Data below:
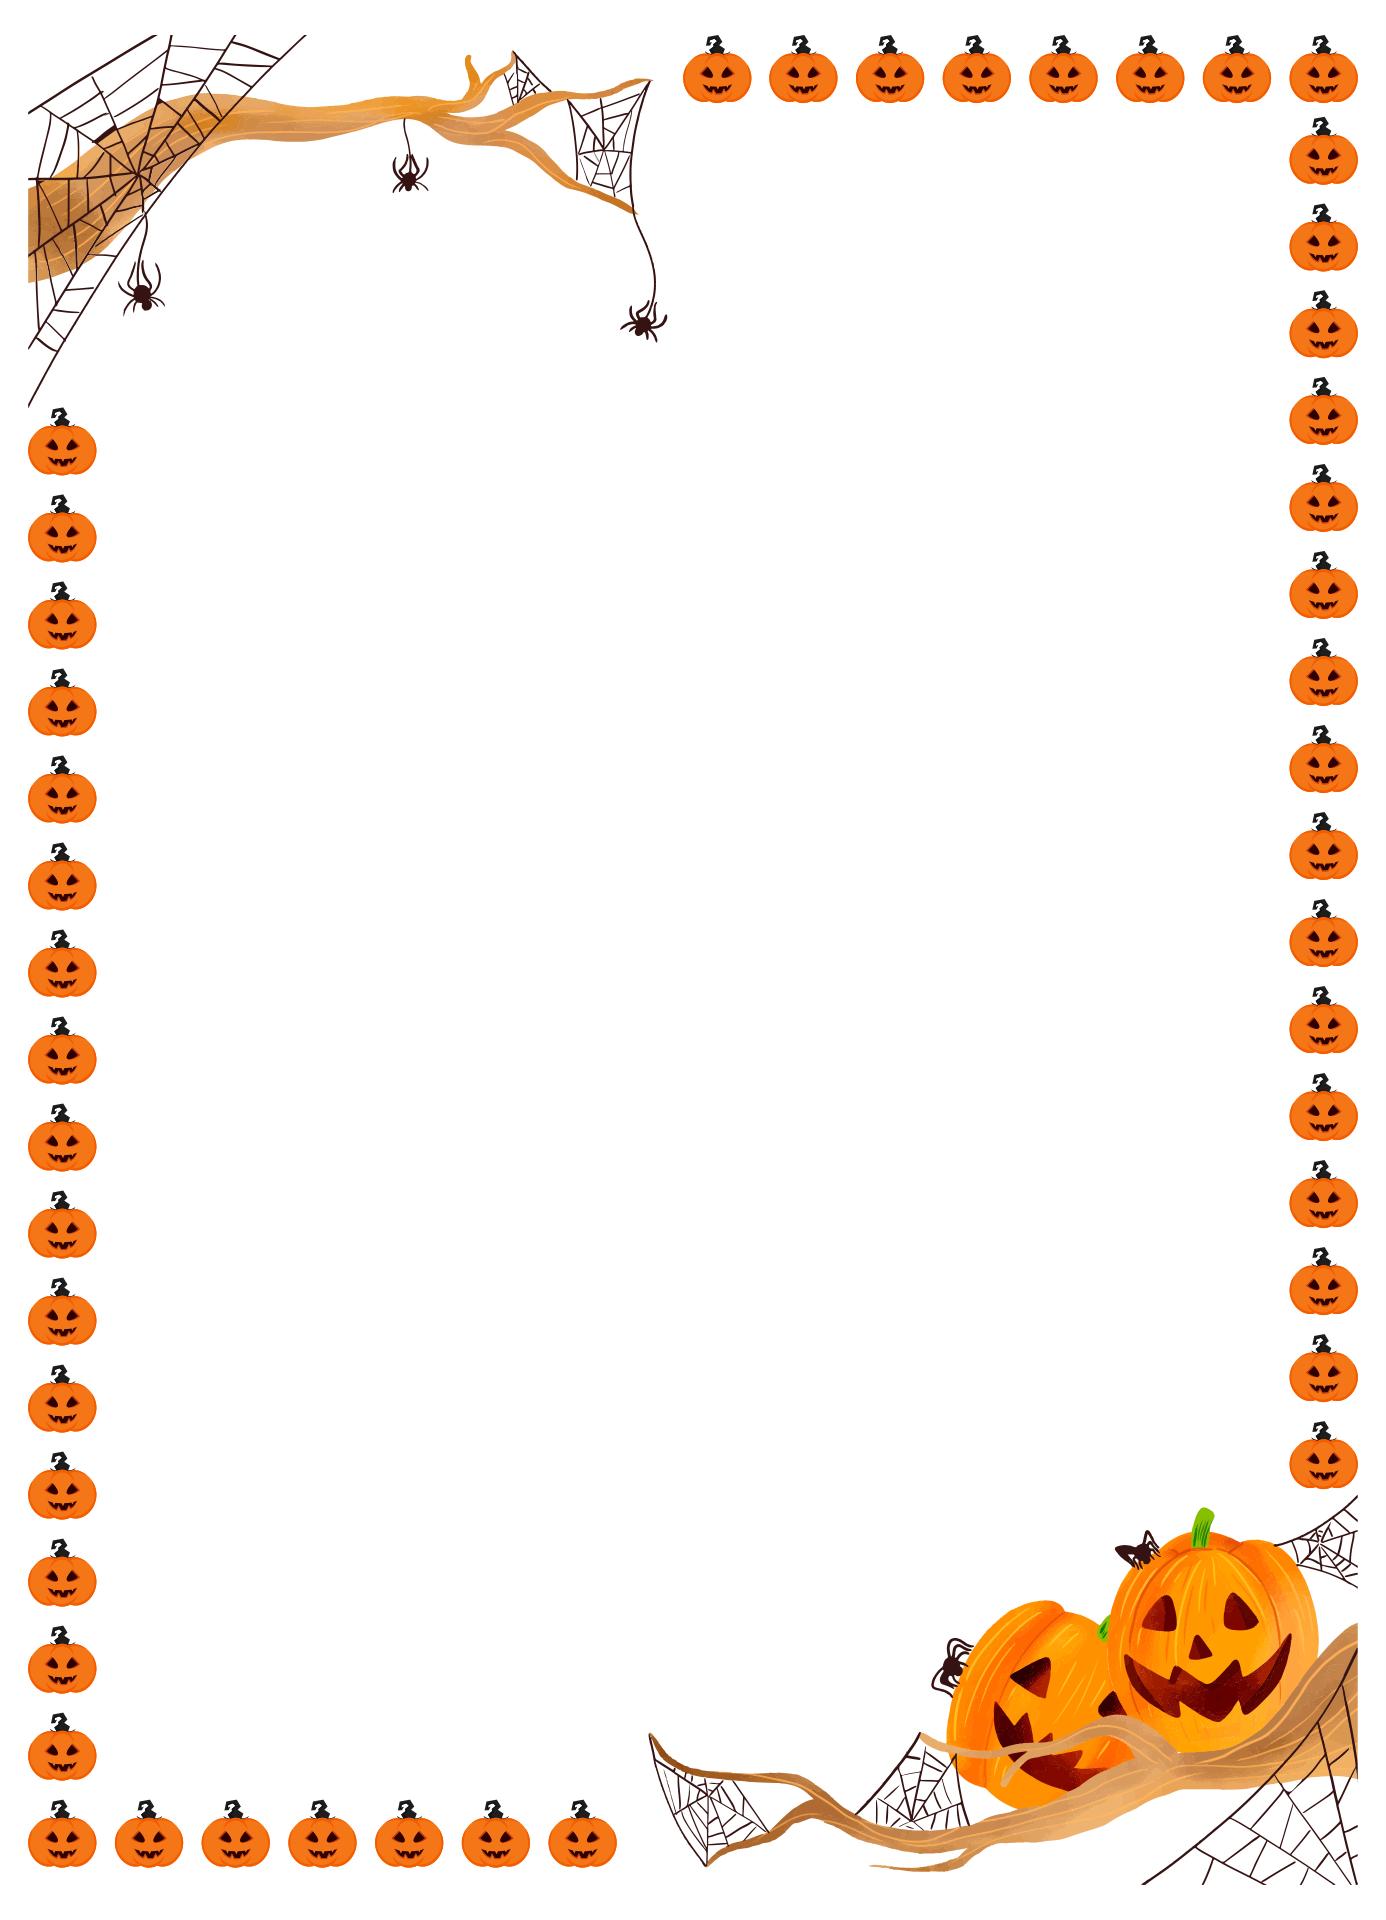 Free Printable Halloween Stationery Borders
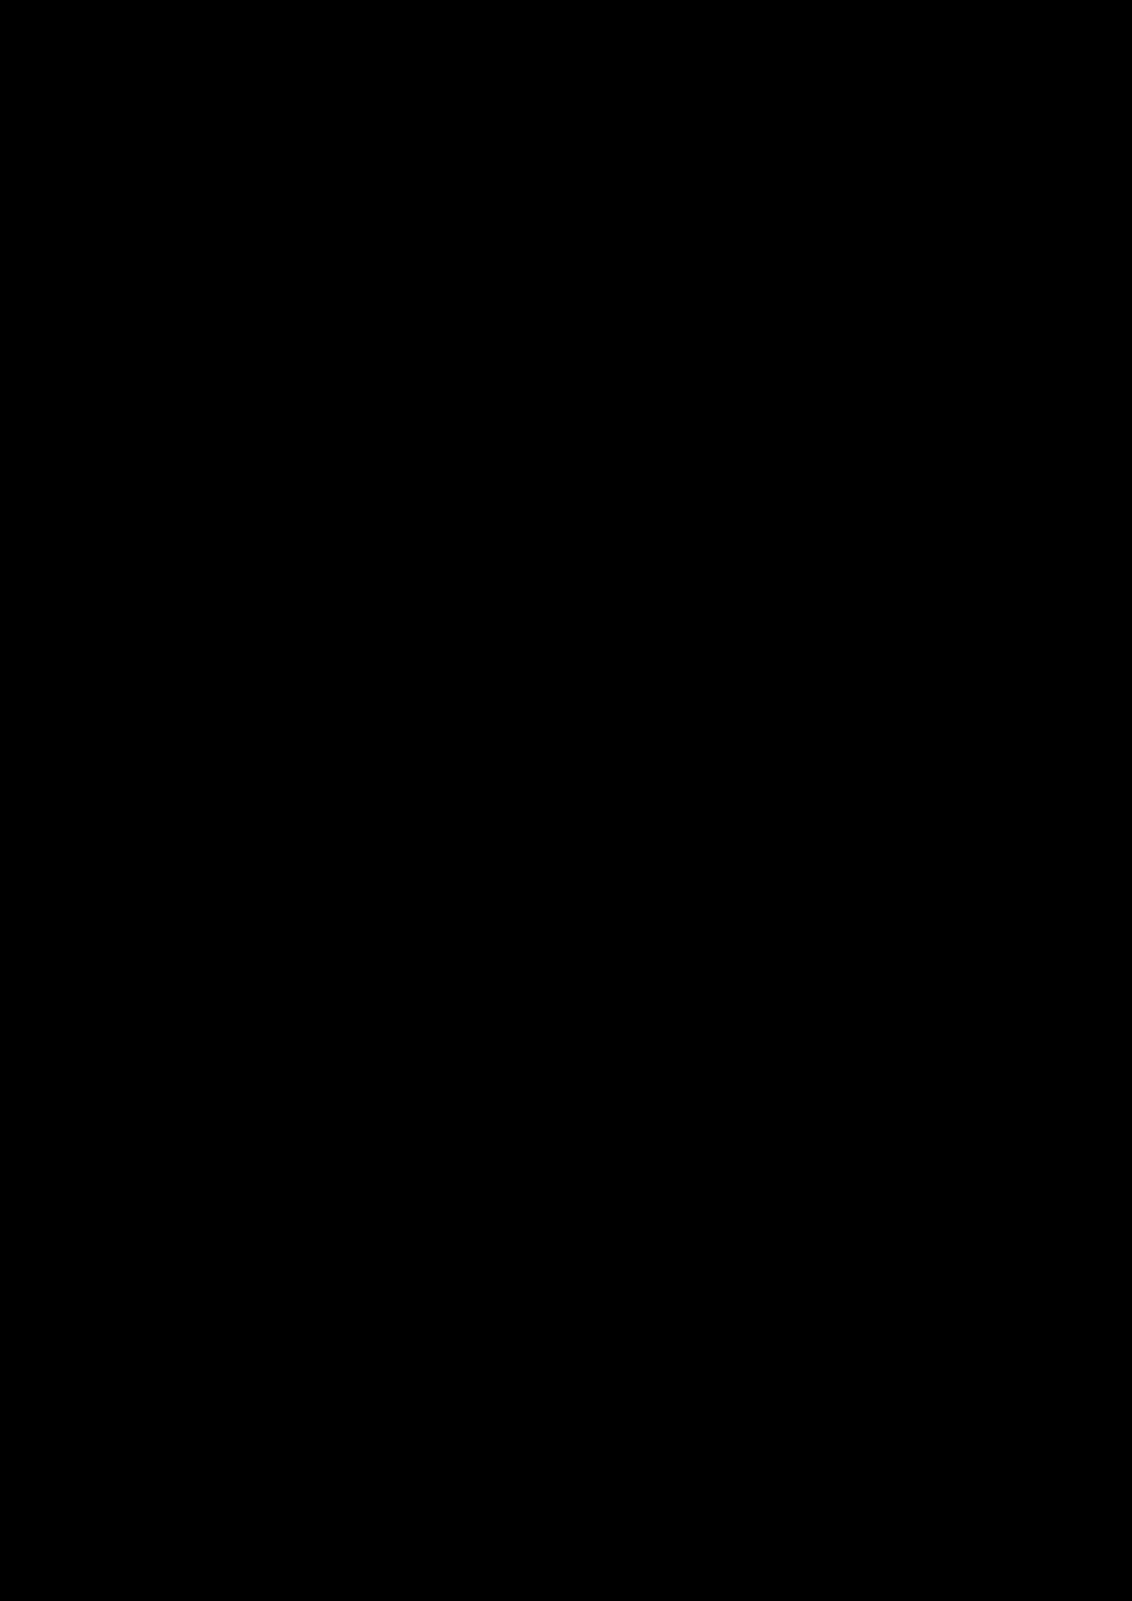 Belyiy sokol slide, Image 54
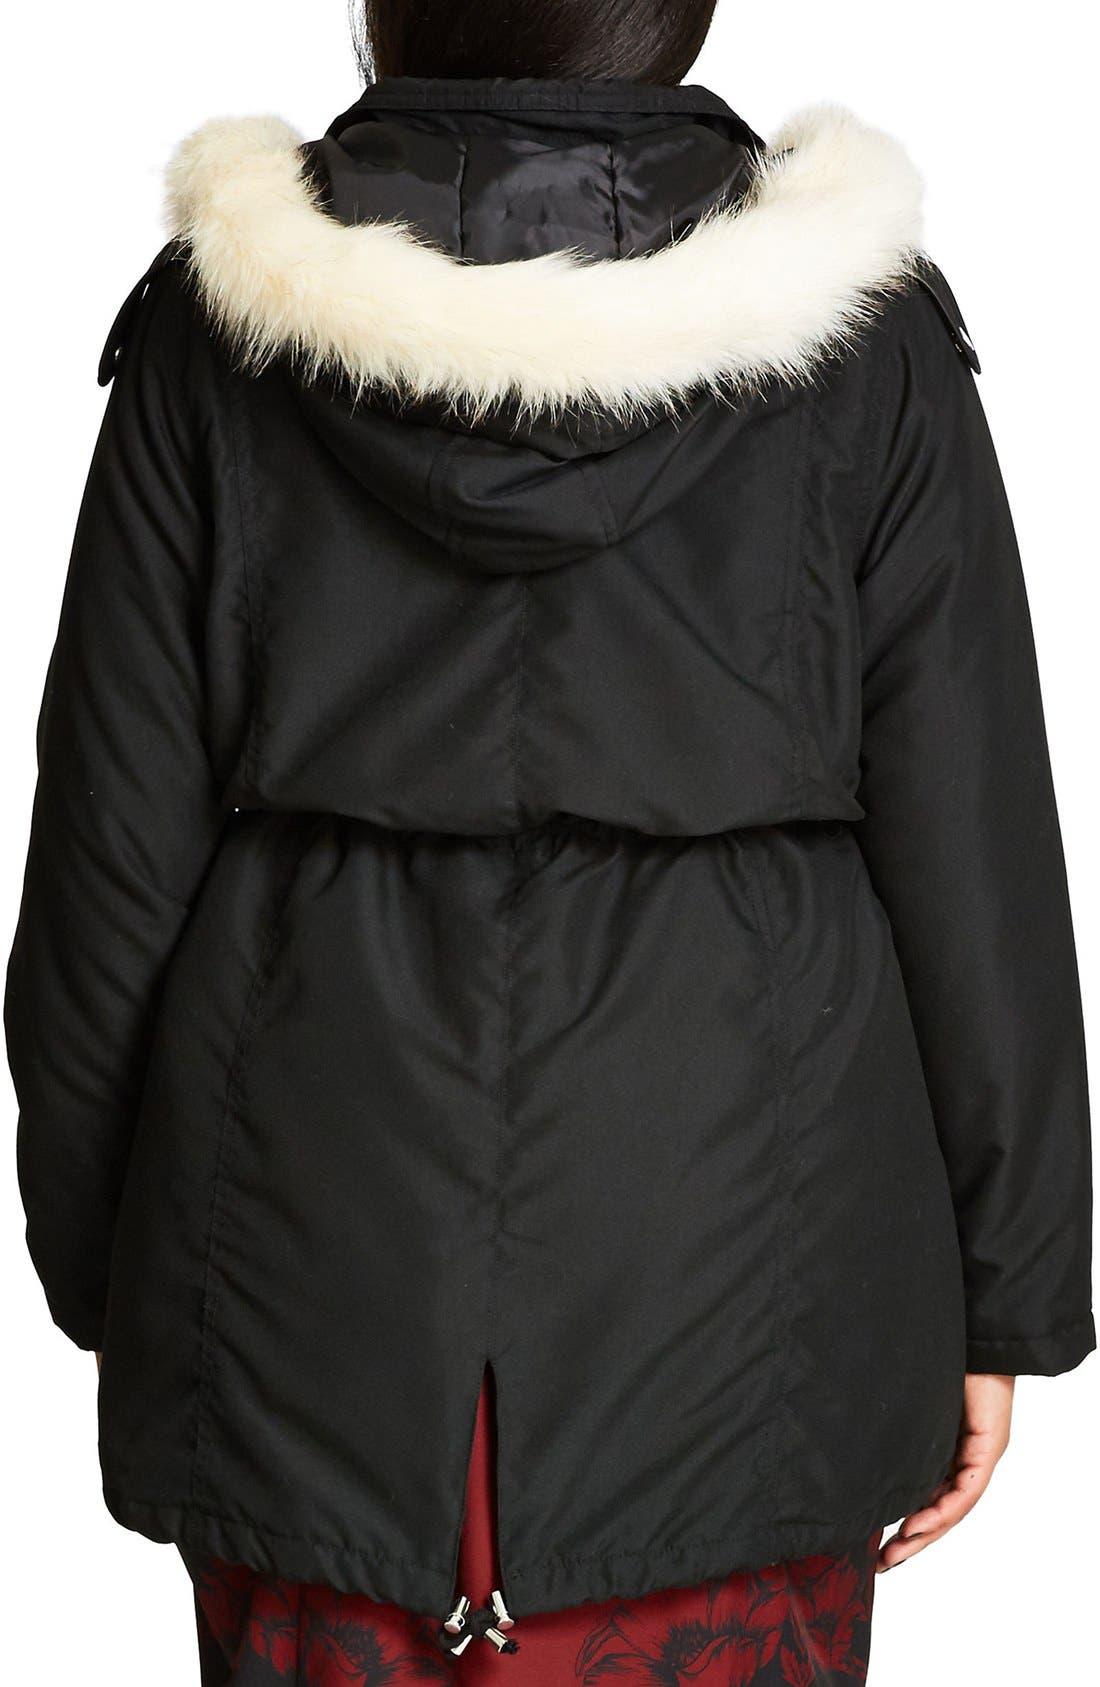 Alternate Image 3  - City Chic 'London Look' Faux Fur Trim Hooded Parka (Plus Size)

Exercise aim: Everything in the data above gets copied exactly. Only the pictures are skipped.

Solution to this exercise:
 Free Printable Halloween Stationery Borders
 Belyiy sokol slide, Image 54
 Alternate Image 3  - City Chic 'London Look' Faux Fur Trim Hooded Parka (Plus Size)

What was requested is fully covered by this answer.